Com certeza, um clichê bastante antigo cerca a obra de Niemeyer: o grande arquiteto seria insuperável na criação de edifícios bonitos de se ver, e péssimos para morar.

Mesmo assim, ou talvez até por isso mesmo, Niemeyer tem sido um nome intocável: quem o critica está ligado a idéias antiquadas de conforto, e não merece morar nas obras feitas pelo gênio.

Qualquer um que critique os feitos de um arquiteto brasileiro se põe, assim, abaixo das alturas propostas pelo artista.

O problema é que, quando estamos diante de um quadro moderno, a atitude de “entender” ou “não entender” se esgota em si mesma; será um filisteu, um desinformado, quem “não entende”, ao passo que o privilegiado que “entende” nada sofrerá com isso; no máximo, terá gastado uma fortuna comprando o quadro estranho, a instalação esquisita, o vídeo incompreensível.

Na arquitetura, as coisas não se resumem, infelizmente, ao “entender” ou não. Uma casa, uma praça, uma cidade, são ao mesmo tempo coisas para ser “vistas”, “entendidas”, e “usadas”.

A autoridade da arquitetura moderna nasce de um paradoxo. No princípio, a ideia era subordinar tudo à funcionalidade, ao uso. Fez-se disso uma valor estético. Funcionalidade tornou-se despojamento e economia de materiais. Tornou-se “bonita” a parede lisa, sem ornamentos; a linha reta e cortante, nascida pura da prancheta.

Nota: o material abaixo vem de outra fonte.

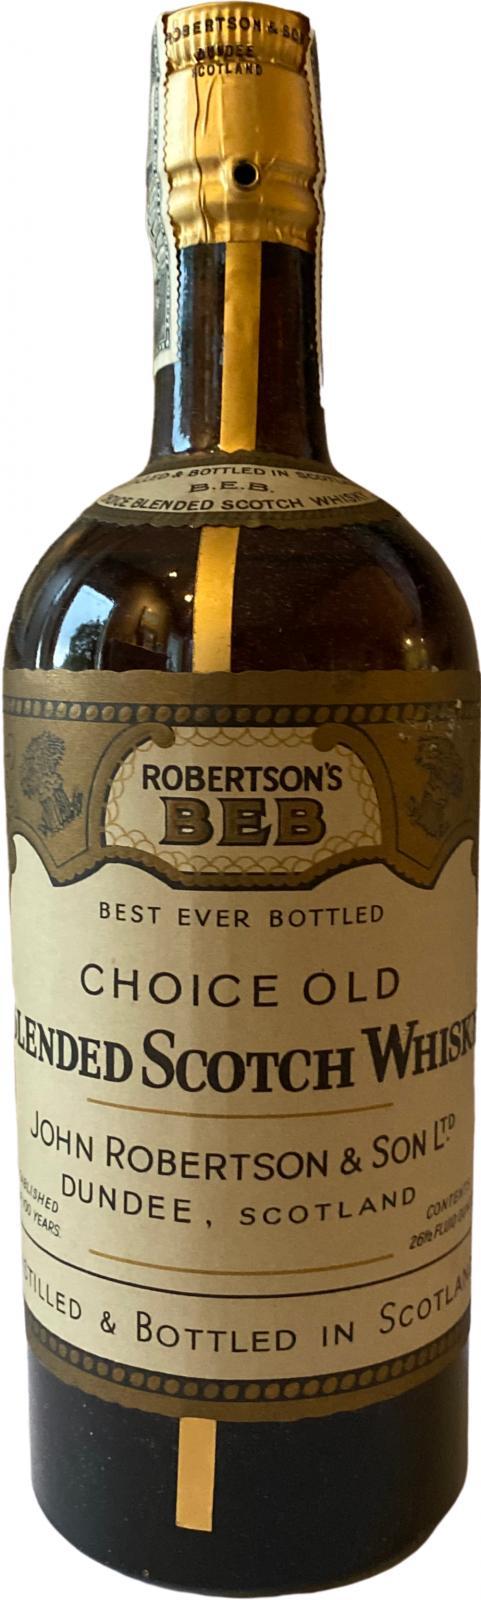 Robertson's Best Ever Bottled
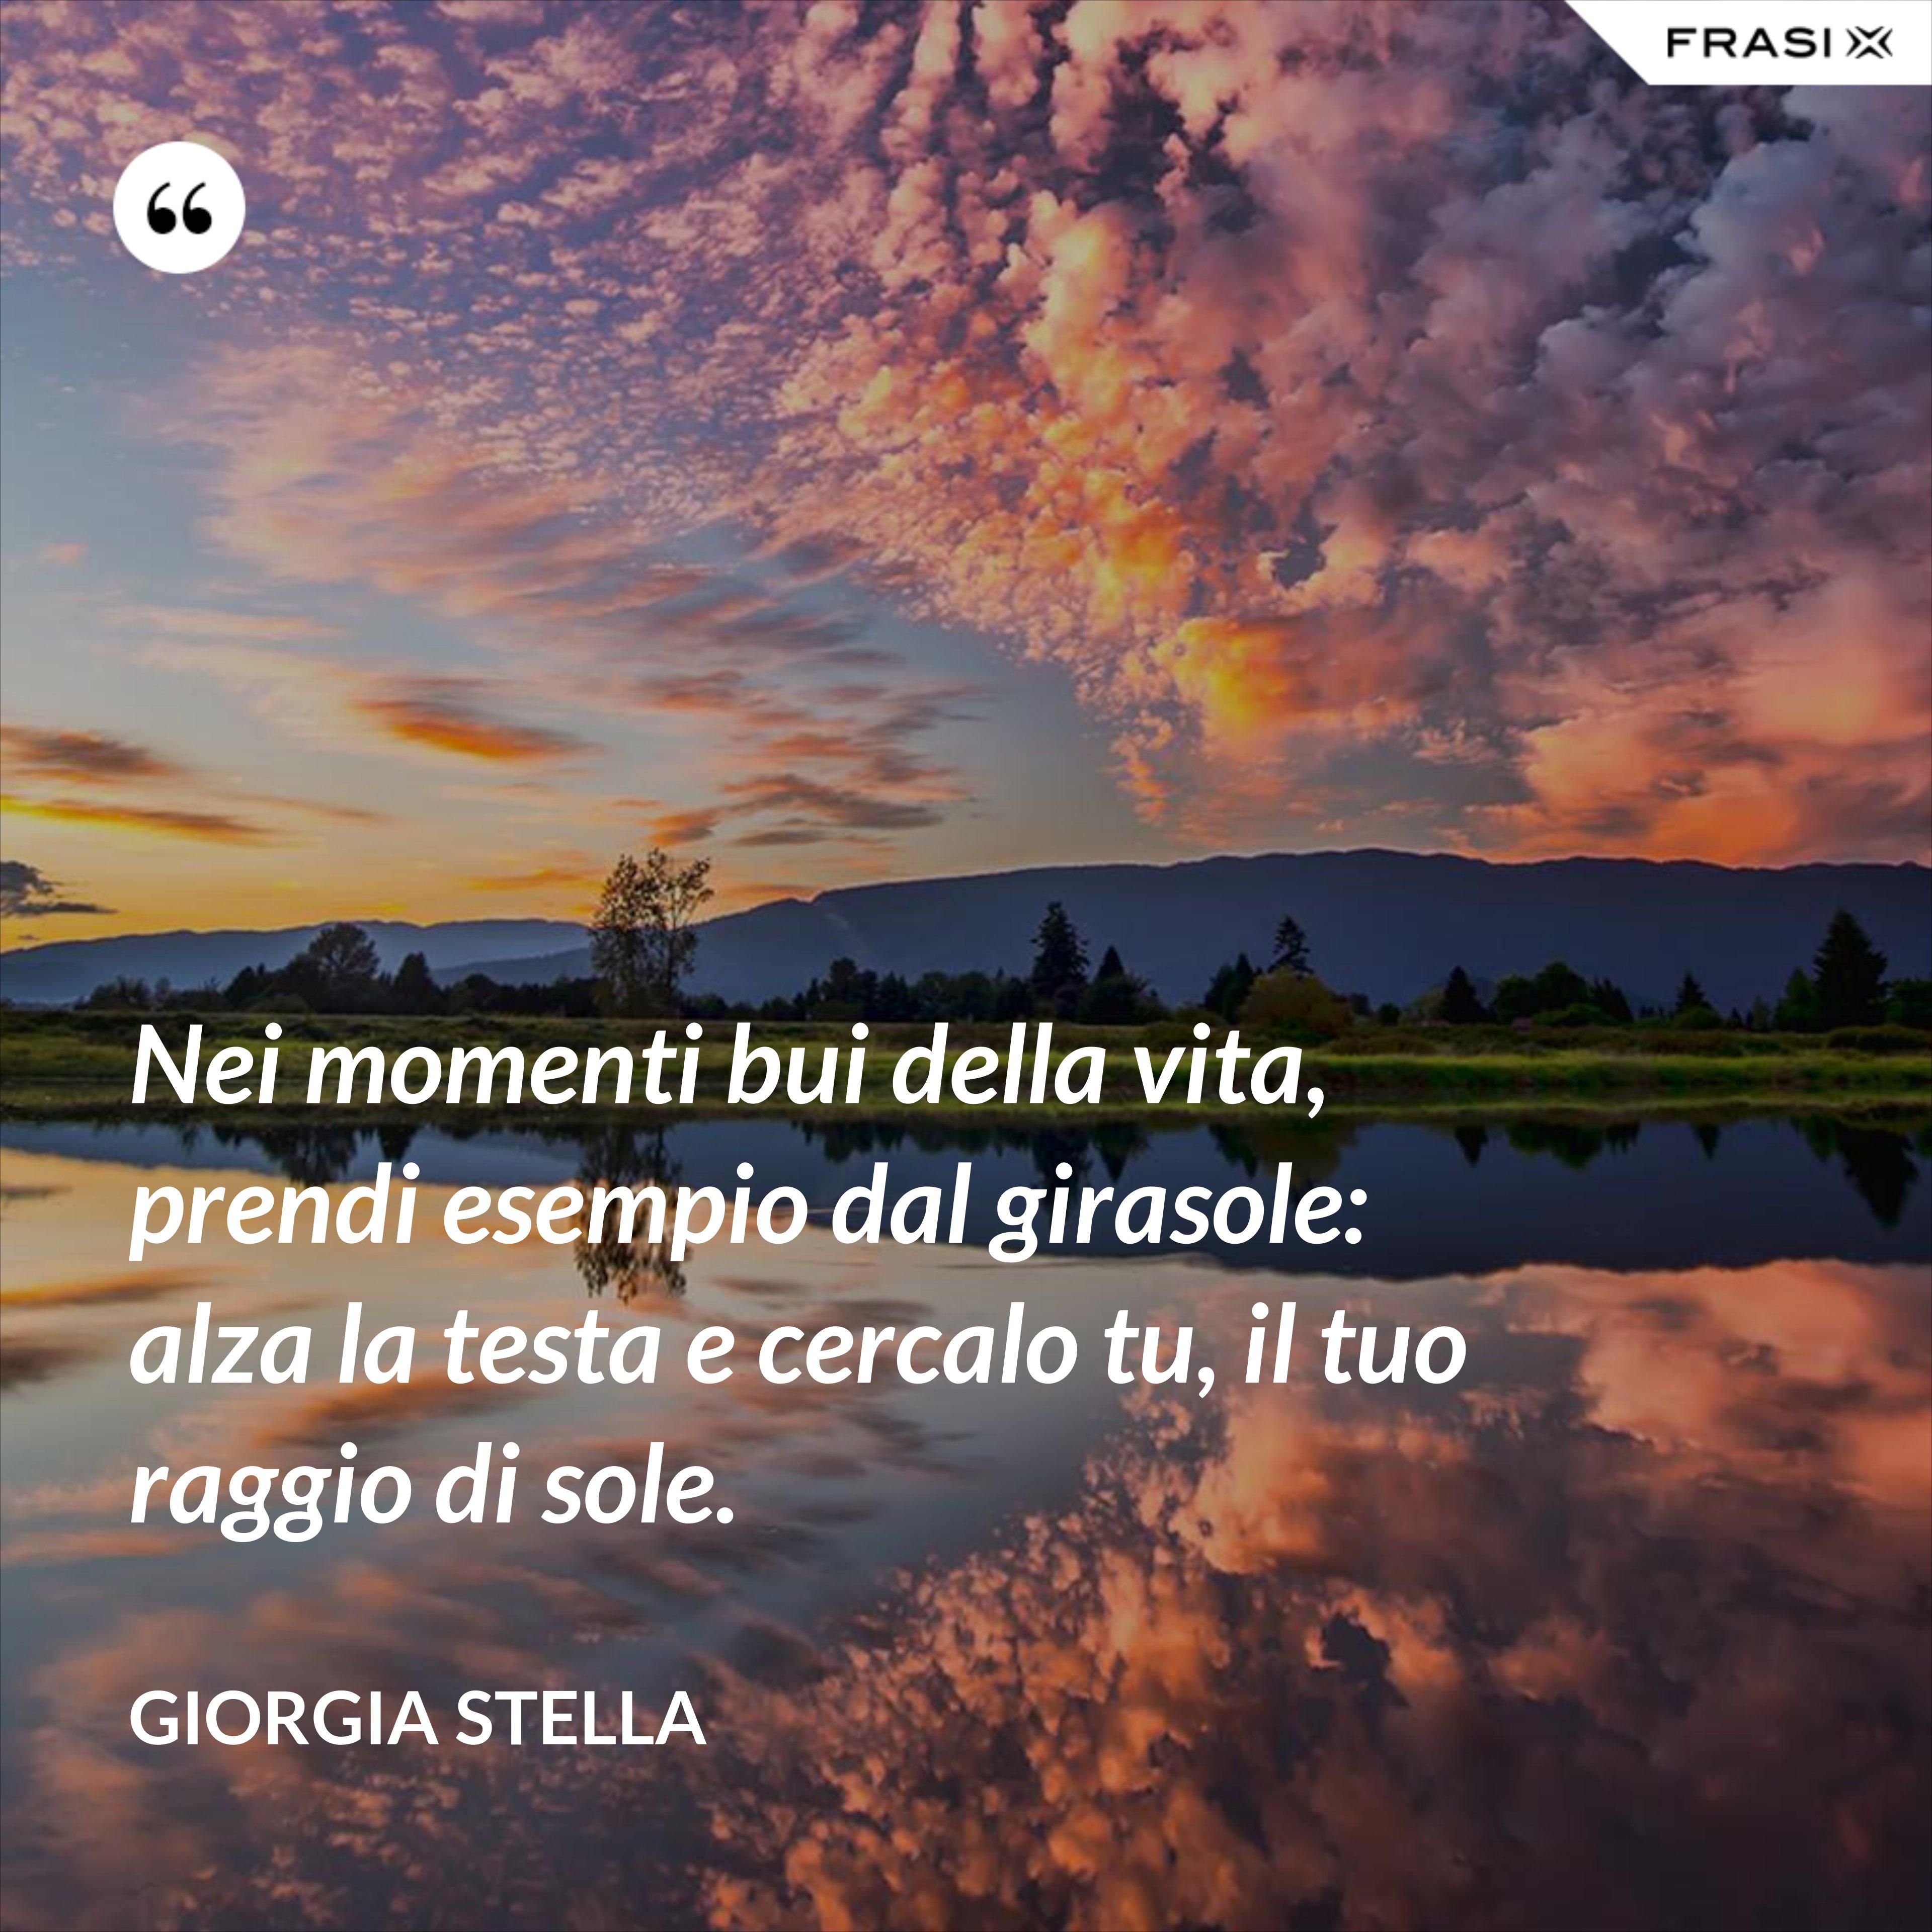 Nei momenti bui della vita, prendi esempio dal girasole: alza la testa e cercalo tu, il tuo raggio di sole. - Giorgia Stella

O risco inicial do arquiteto era sinal de sua pureza como artista.

Virou um fetiche de sua autoridade como criador; eis, em resumo, a história da modernidade, vista como liberação, e transformada em autoritarismo.

O desenho de Brasília já era, em seu nascimento, símbolo desta e de outras contradições. Aquela espécie de poema do espaço público democrático, concebida “genialmente” por Lucio Costa nos anos 50, adaptou-se perfeitamente à algidez tecnocrática e à desumanidade do regime militar na década de 70.

Eis que, aos 101 anos, Oscar Niemeyer concebe um adendo à Esplanada dos Ministérios. Quem viu o projeto se espanta: um trambolho gigantesco passará a vedar a perspectiva que se tinha da Esplanada.

É pelo menos saudável que a concepção de Niemeyer encontre, agora, resistências de toda parte. O “autor” de tantas obras belíssimas nem por isso dispõe de “autoridade” sobre a paisagem de Brasília.

Mas é como se um gênio da arquitetura tivesse o direito de romper, como tinha rompido há 50 anos, com o gosto da população.

Eis o arquiteto transformado em demiurgo, coisa que ele julgava ser desde sempre.

Estará sob suspeita de mesquinhez quem o contestar.

Niemeyer pode ser um gênio, mas não pode ter poder sobre uma cidade inteira.

O caso se aplica também a Paulo Mendes da Rocha, que embora tenha ganho o Prêmio Pritzker (espécie de Nobel da arquitetura), não é um gênio, nem tem de ser intocável pelo fato de dar seqüência à tradição purista da arquitetura brasileira.

O que Paulo Mendes da Rocha fez na Praça do Patriarca, em São Paulo, por exemplo, é um erro patente. Inventou uma espécie de plataforma curva coberta de branco, que para nada serve além de vedar a visão de conjunto da praça; trata-se de uma intrusão descomunal num espaço que deveria ser amigável e “urbano”, no sentido amplo do termo.

Mas os arquitetos exaltam suas próprias capacidades construtivas, seu próprio poder de interferência sobre o espaço. Seria preciso muita mobilização para reduzir Niemeyer e Paulo Mendes da Rocha (já não falo de Lina Bo Bardi, velho desafeto) ao papel que deveriam ter. Não o de totens, dotados de poder de vida ou morte sobre os lugares em que atuam, mas o de pessoas de talento, capazes de colocar esse talento a serviço de uma cidade mais humana, mais amigável, mais bonita, mais urbana.

2 comentários:

  1. Interessante o post Ollag, parabéns. Penso ser um tema muito pertinente.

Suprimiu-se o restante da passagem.